There might be several reasons for this trend but since I’m not a data analyst I’m not going to go into details. I’ll just leave the numbers here to pique your curiosity.

What I would like to do is share a journey that we went through while looking for a library to parse JSON. This will serve as an excuse for sharing a few tips about sustainable development, specifically about how to deal with third party libraries. It won’t be cutting-edge, but it will serve as a reminder to stay away from the hype and consider how we are solving problems in Swift with a bit of perspective.

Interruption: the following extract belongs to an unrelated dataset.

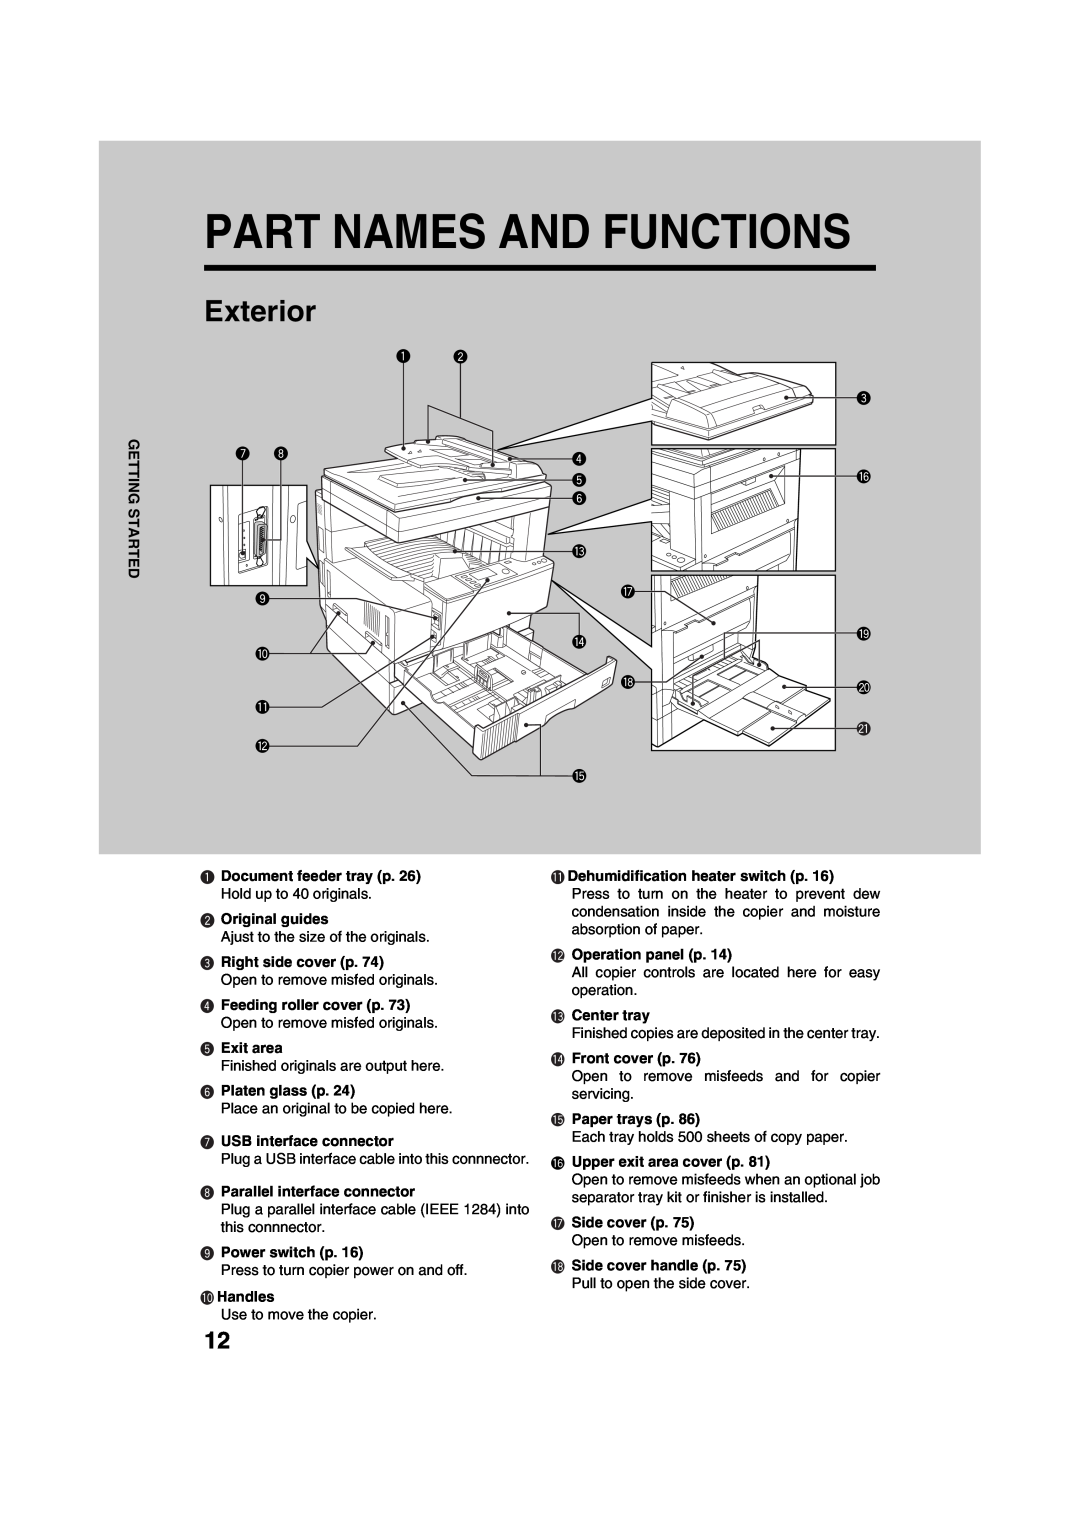 Sharp AR-M208 operation manual Part Names And Functions, Exterior

Before we continue, let me clarify the terminology we will use:

• Deserialising, or decoding, is the operation that transforms binary data into a data structure that represents a JSON text (e.g [String: Any?] in Swift)
• Parsing is the operation that takes that data structure (e.g. querying a dictionary) and transforms it into a domain entity

JSON demystified

Let’s start with a brief summary on what JSON is and how we’ve been using it on Apple’s platforms.

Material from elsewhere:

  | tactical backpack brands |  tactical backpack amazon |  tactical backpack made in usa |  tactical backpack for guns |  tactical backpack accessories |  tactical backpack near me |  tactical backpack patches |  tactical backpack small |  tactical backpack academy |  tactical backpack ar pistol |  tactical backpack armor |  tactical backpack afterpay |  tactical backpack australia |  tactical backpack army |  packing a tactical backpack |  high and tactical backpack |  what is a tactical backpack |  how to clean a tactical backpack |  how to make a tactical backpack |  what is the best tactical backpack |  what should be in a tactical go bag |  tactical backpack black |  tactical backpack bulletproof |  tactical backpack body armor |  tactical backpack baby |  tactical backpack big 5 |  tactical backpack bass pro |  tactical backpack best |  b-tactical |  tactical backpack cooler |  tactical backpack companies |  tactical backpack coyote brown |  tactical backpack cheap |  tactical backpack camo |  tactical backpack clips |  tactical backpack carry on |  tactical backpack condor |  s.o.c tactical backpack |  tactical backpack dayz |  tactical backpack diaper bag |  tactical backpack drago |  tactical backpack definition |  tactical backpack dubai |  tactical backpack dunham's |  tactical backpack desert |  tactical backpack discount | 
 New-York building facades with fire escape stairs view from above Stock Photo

When, why and how JSON was born

JSON was popularised by Douglas Crockford in 2001 as a format to transmit data between programs. It was developed as a subset of the JavaScript syntax defined in the ECMA-262 standard and intended to be a replacement for the complexity of XML. It quickly gained adoption because of its simplicity, you can listen to the story by the man himself.

So despite what many people think, JSON has been standardised:

• RFC 4627, written by Douglas Crockford on 2006. He basically formalised the syntax that was originally published in json.org in 2002
• ECMA-404, released in 2013. The standard was officially defined, consolidating the syntax for producing JSON text
• RFC 7158 and RFC 7159, released on 2013 and 2014 respectively (note that RFC 7159 obsoletes both 7158 and 4627). These clarified and proposed a set of best practices to avoid interoperability problems

The syntax specification is the same in all documents. The only difference is that later RFCs go a little bit further by including operational aspects, like the reserved MIME type (application/json) or the preferred text encoding (UTF-8).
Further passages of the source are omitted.